- WORK TASK
Your task is to copy the listing exactly. Drop any pictures from the copy.

- RECORDED INFORMATION
-- Opening Marker --
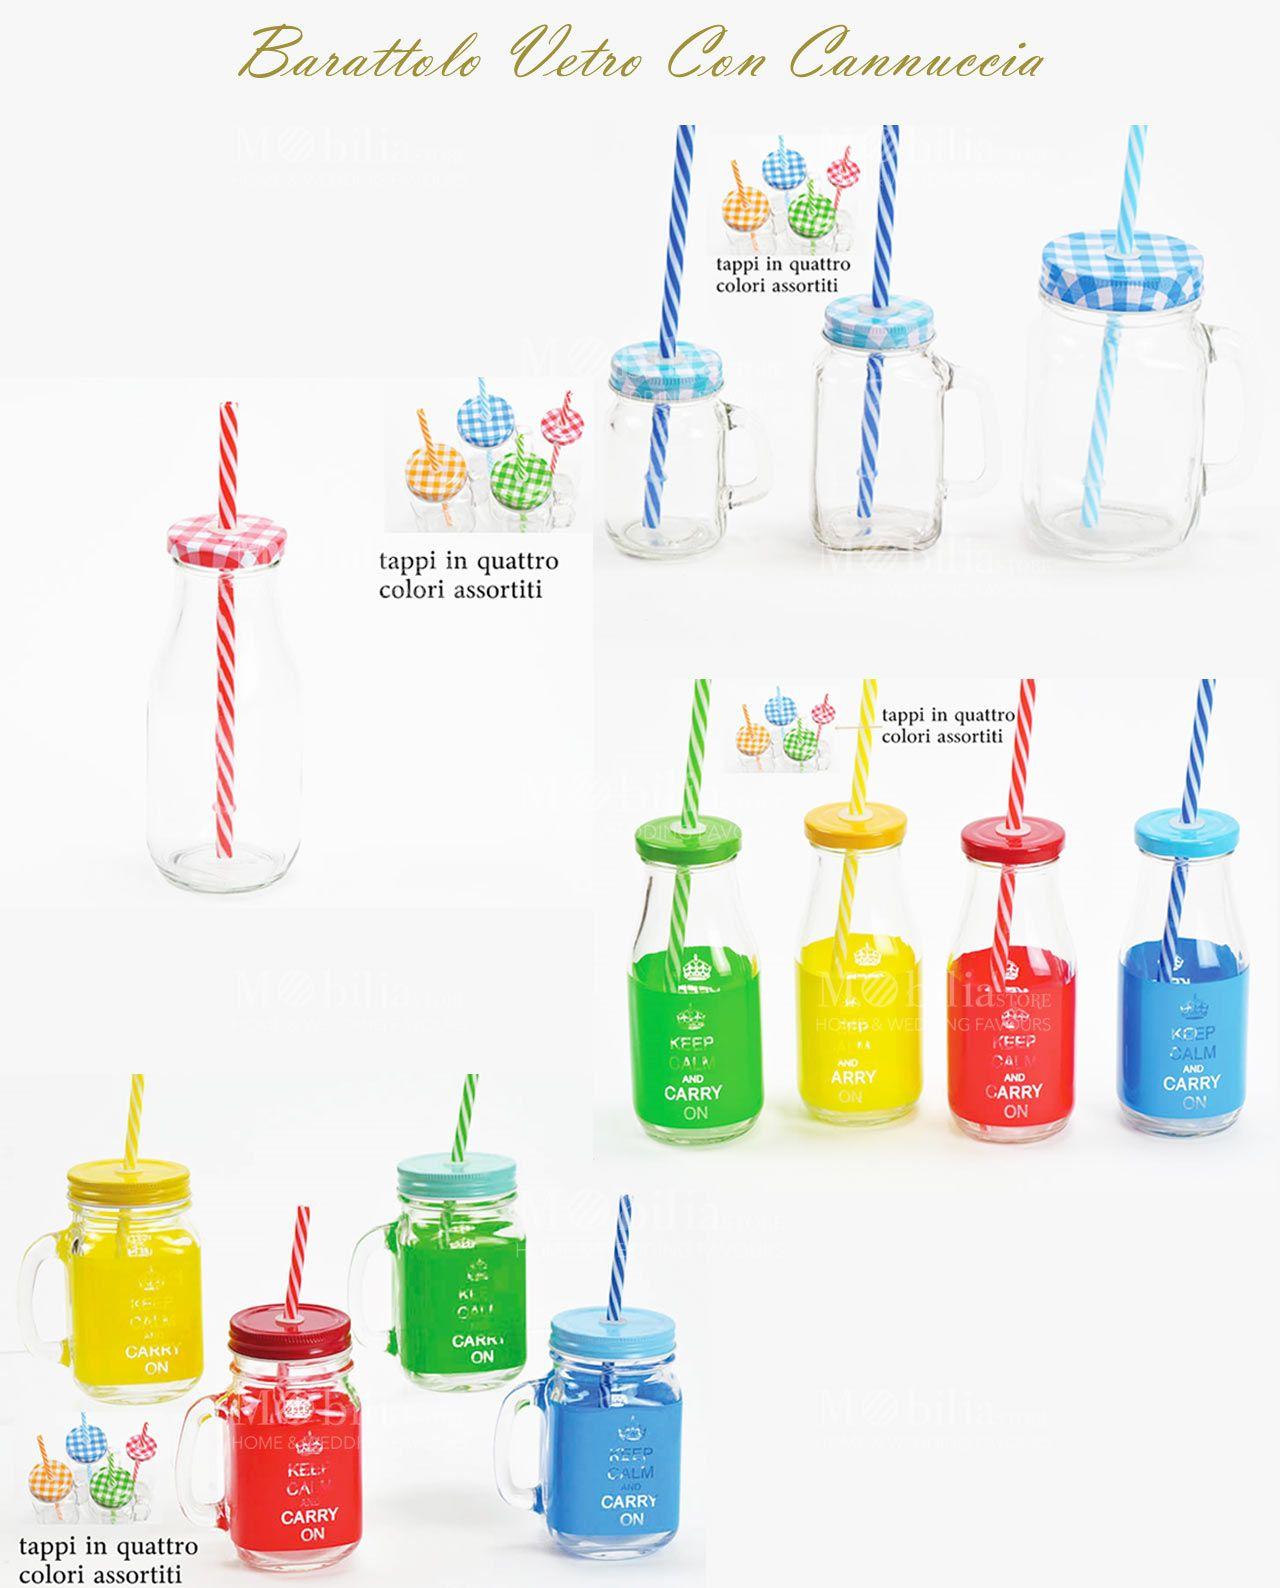 Barattoli vetro con cannuccia in 4 colori assortiti ideali per rinfrescarsi in modo originale e - Barattoli vetro ikea ...
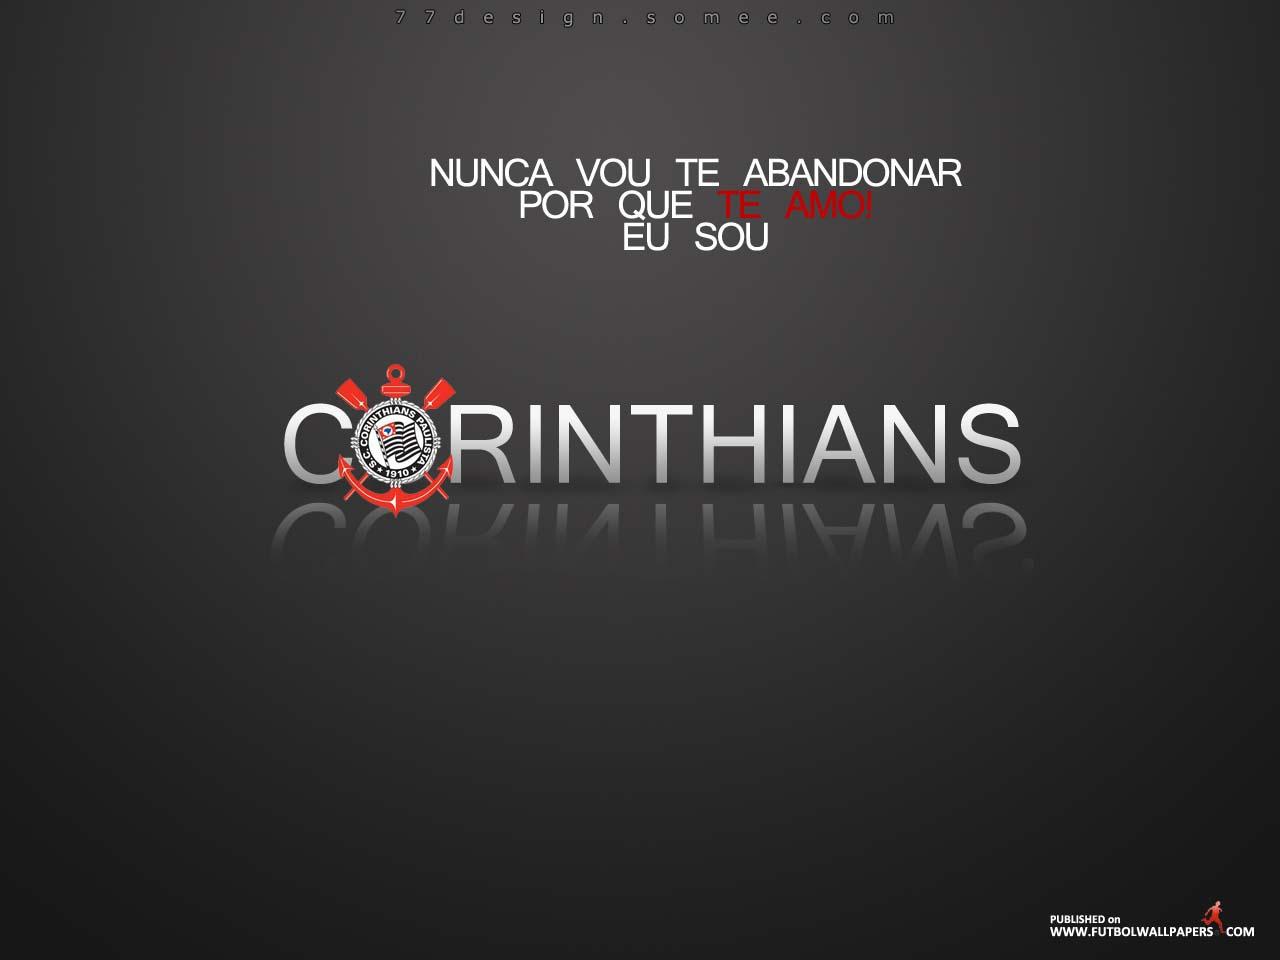 http://1.bp.blogspot.com/-yEVxjWoDEi0/UFGHjgat1uI/AAAAAAAABBo/pa-uH14WVes/s1600/corinthians+%285%29.jpg
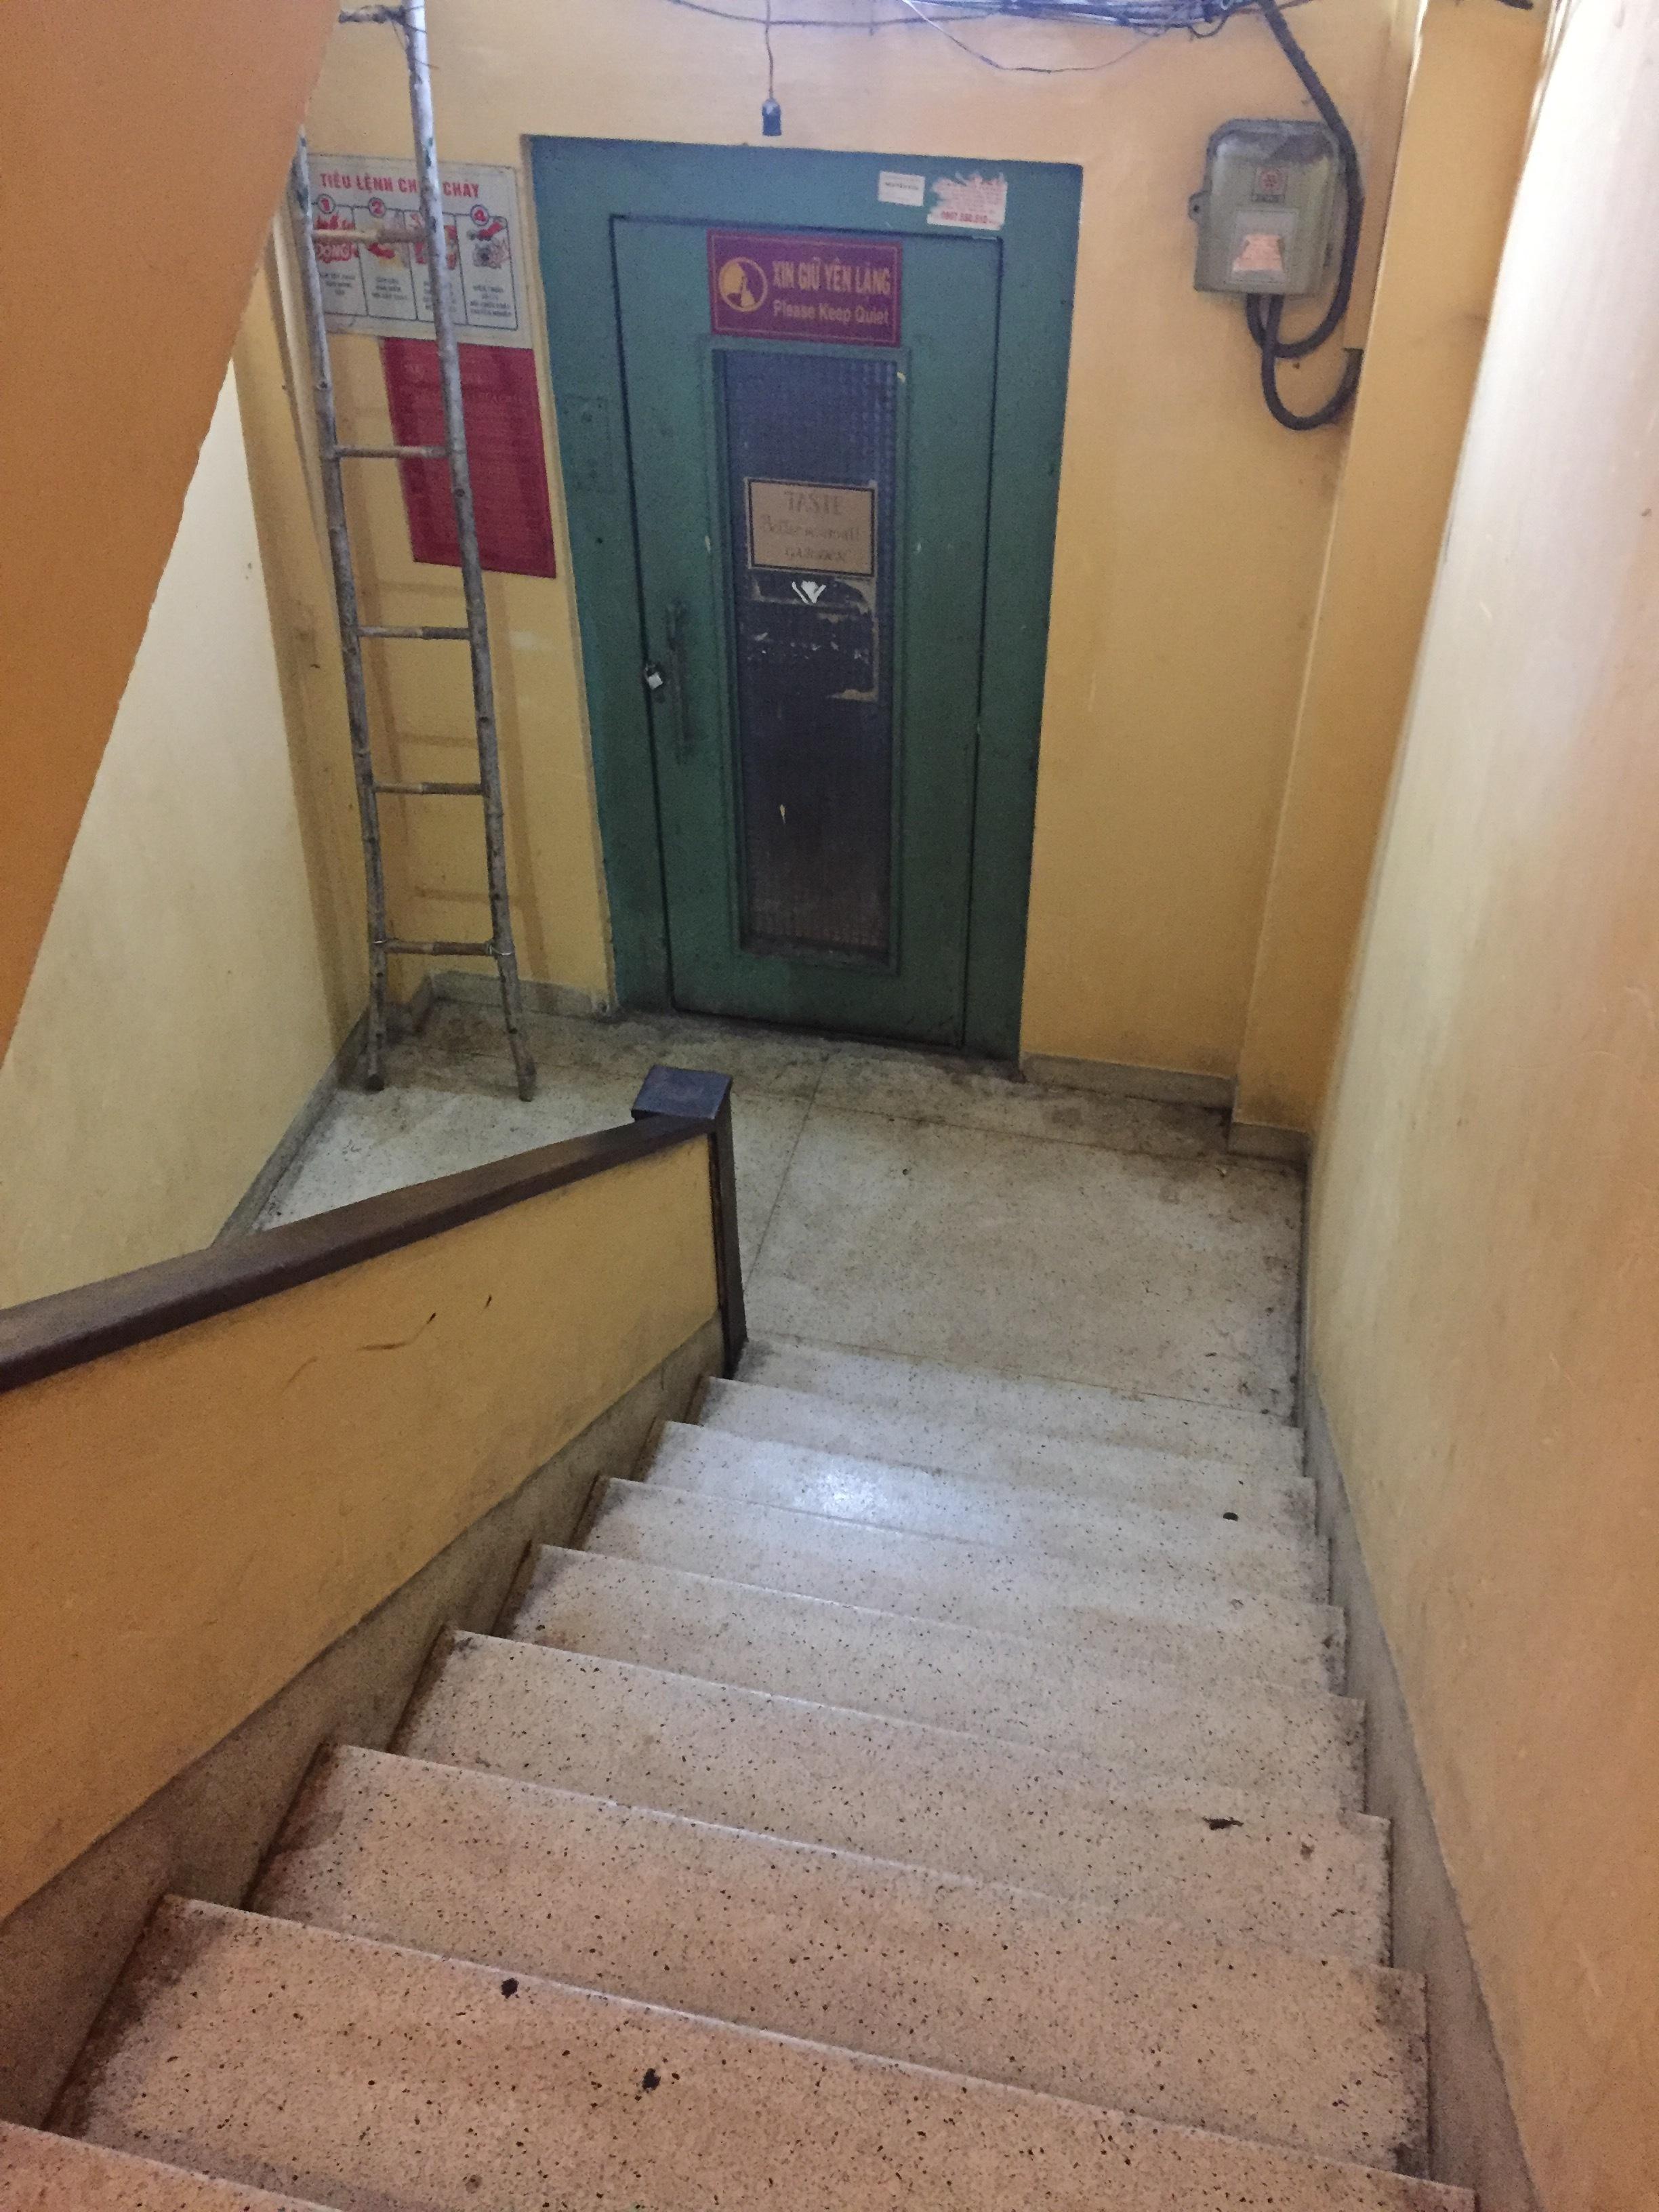 Standard hidden staircase to hidden gems
-- Closing Marker --
- TASK RESPONSE
 Barattoli vetro con cannuccia in 4 colori assortiti ideali per rinfrescarsi in modo originale e - Barattoli vetro ikea ...
 http://1.bp.blogspot.com/-yEVxjWoDEi0/UFGHjgat1uI/AAAAAAAABBo/pa-uH14WVes/s1600/corinthians+%285%29.jpg
 Standard hidden staircase to hidden gems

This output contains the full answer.